2. The method of claim 1, wherein said CNN Design and Optimization Theorem comprises two criteria to make FC layers slim, namely, 1) rank criteria and 2) singular value criteria.

3. The method of claim 1, wherein said Efficient Weights for CNN Design Theorem comprises FC layer weights matrix W with colored Gaussian distribution being more efficient than that of white Gaussian.

4. The method of claim 2, wherein said rank criteria comprising that the said weight matrix should be of full rank for optimal design.

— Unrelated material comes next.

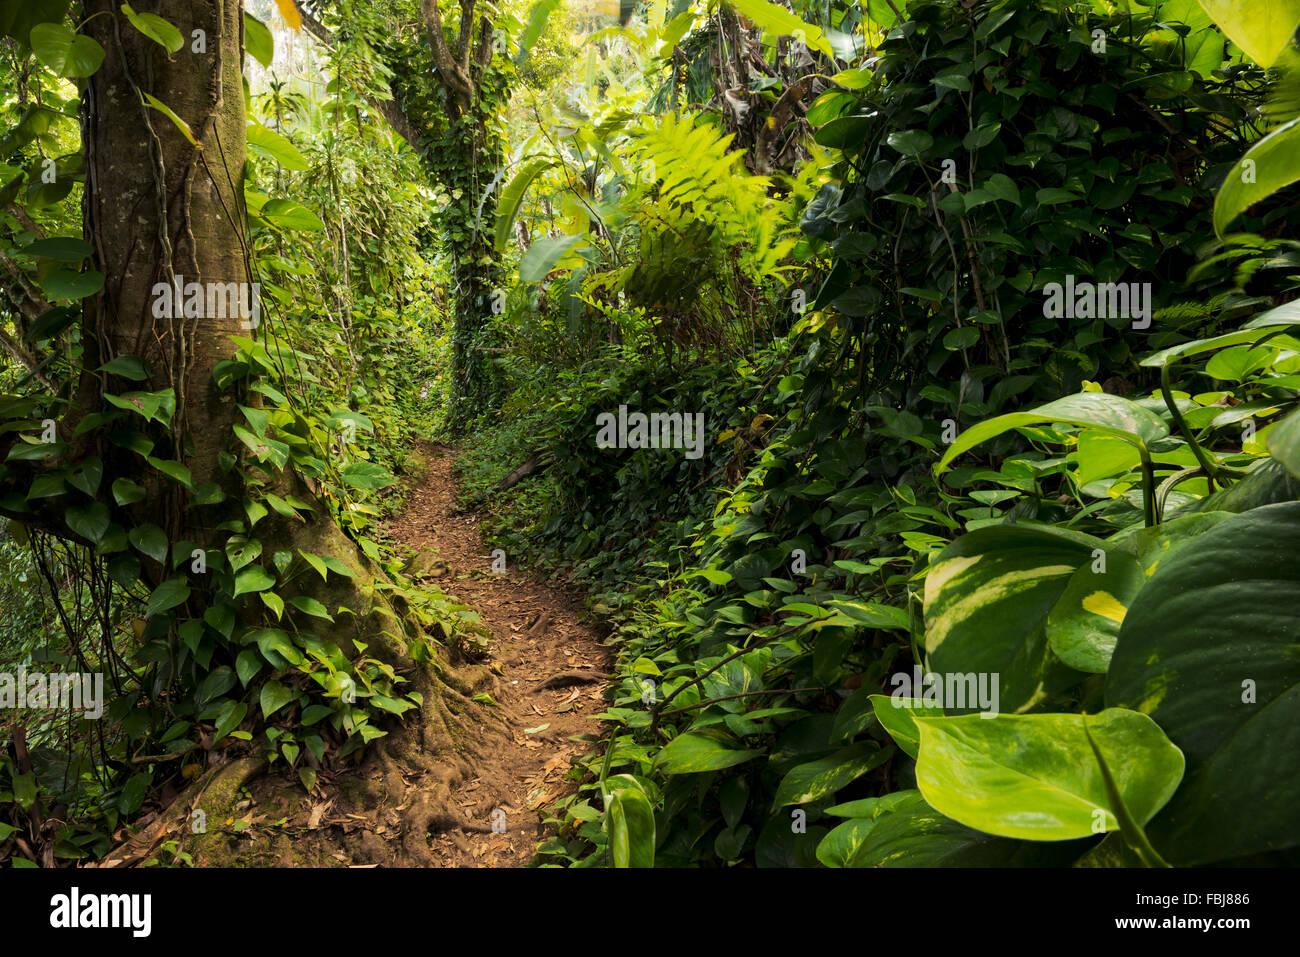 The Caribbean, Guadeloupe, island, jungle, rainforest, dreamlike, path, way, plants, leaves, tree, green, lush, - Stock Image
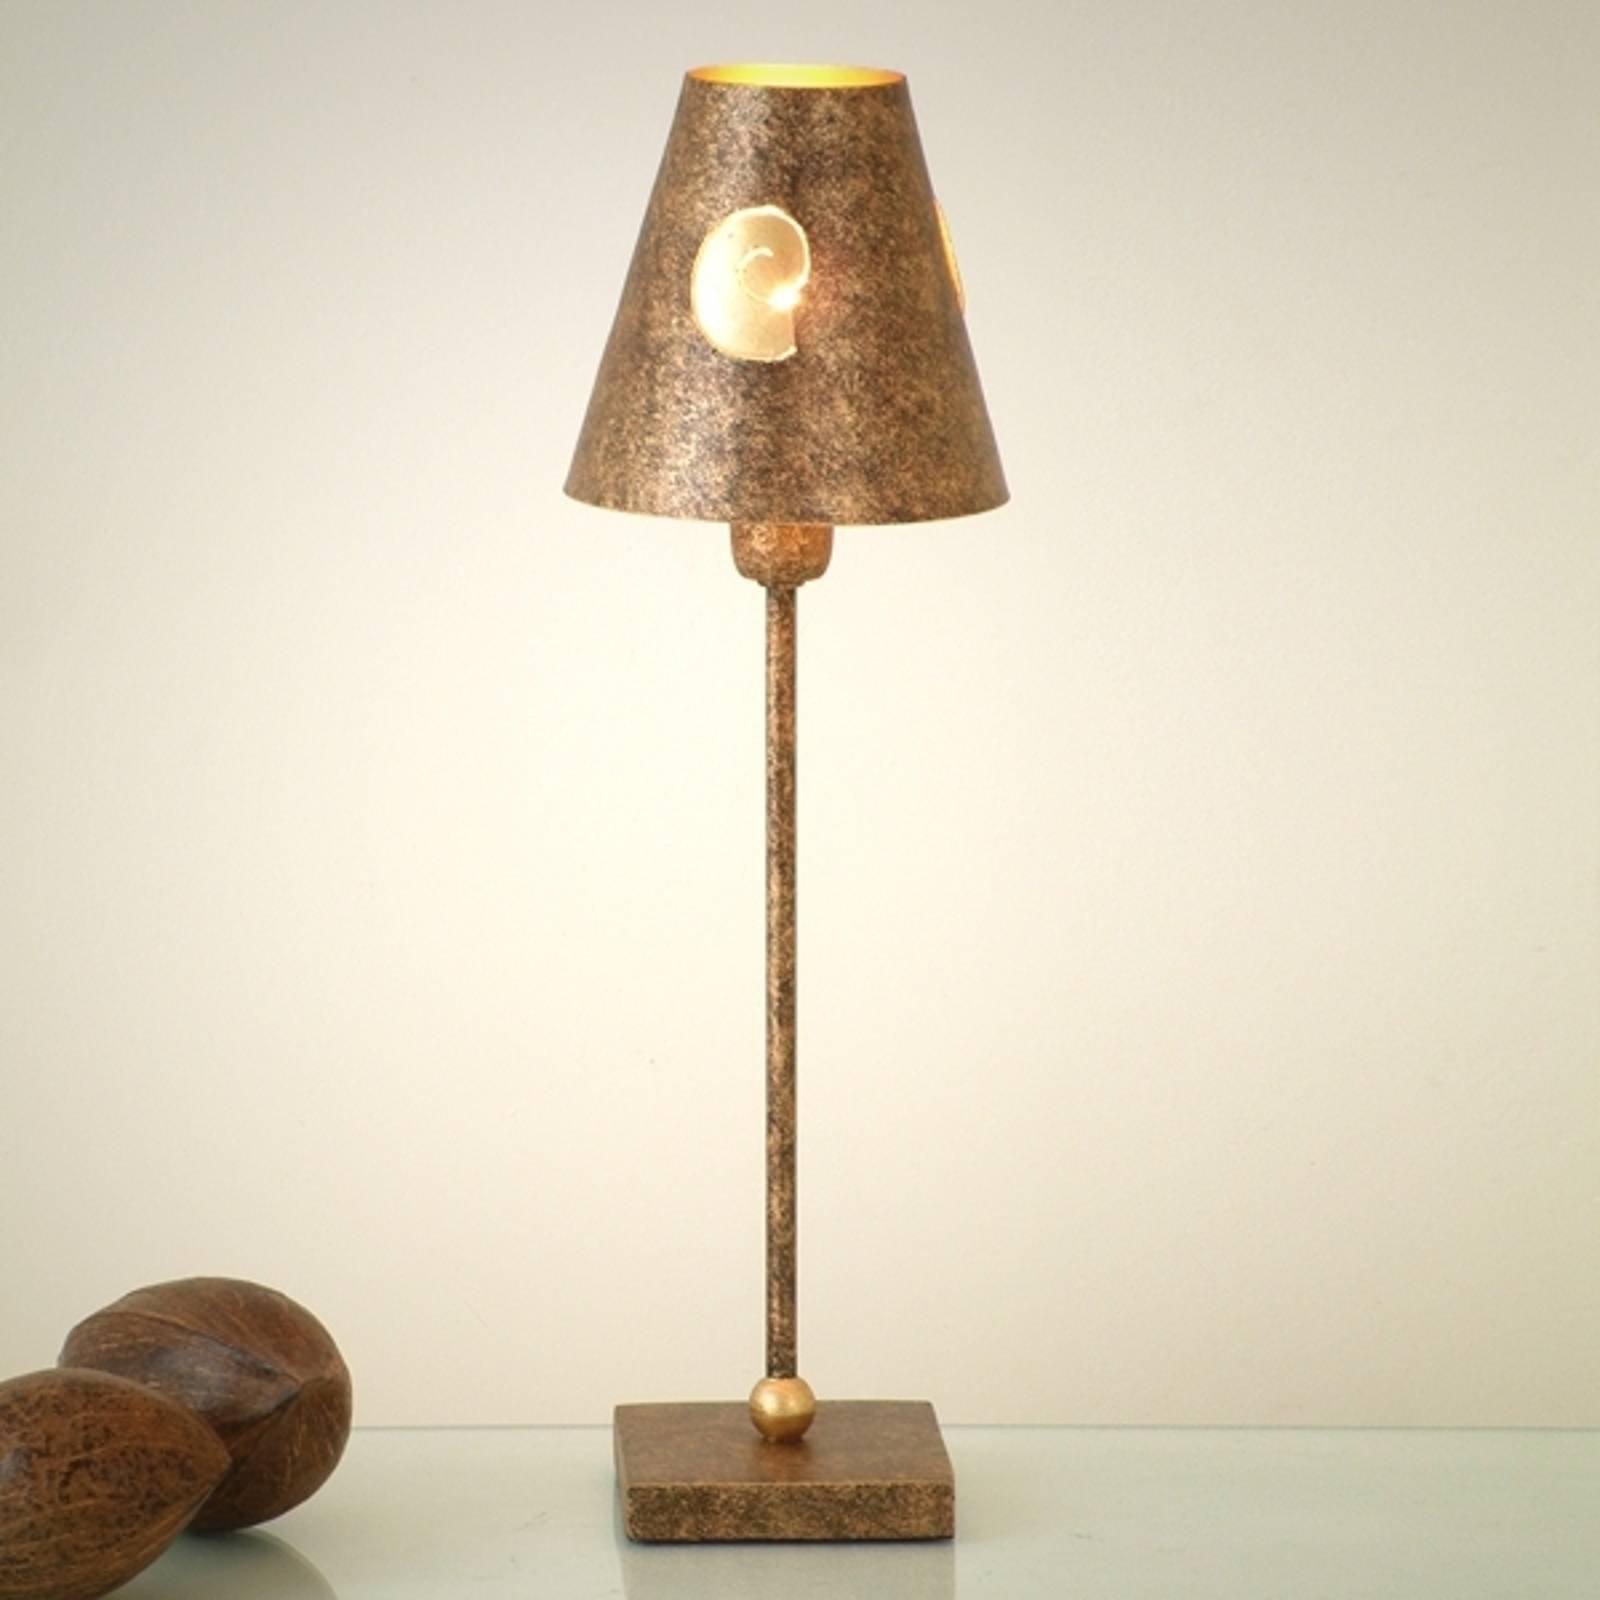 Stilfull ESEMPIO bordlampe liten

5. The method of claim 2, wherein said singular value criteria comprising that the singular values of said weight matrix (after optimization) should be maximized for given matrix size.

6. The method of claim 1, wherein said a practical way to make it slim comprising an SVD-QR approach for the said weight matrix.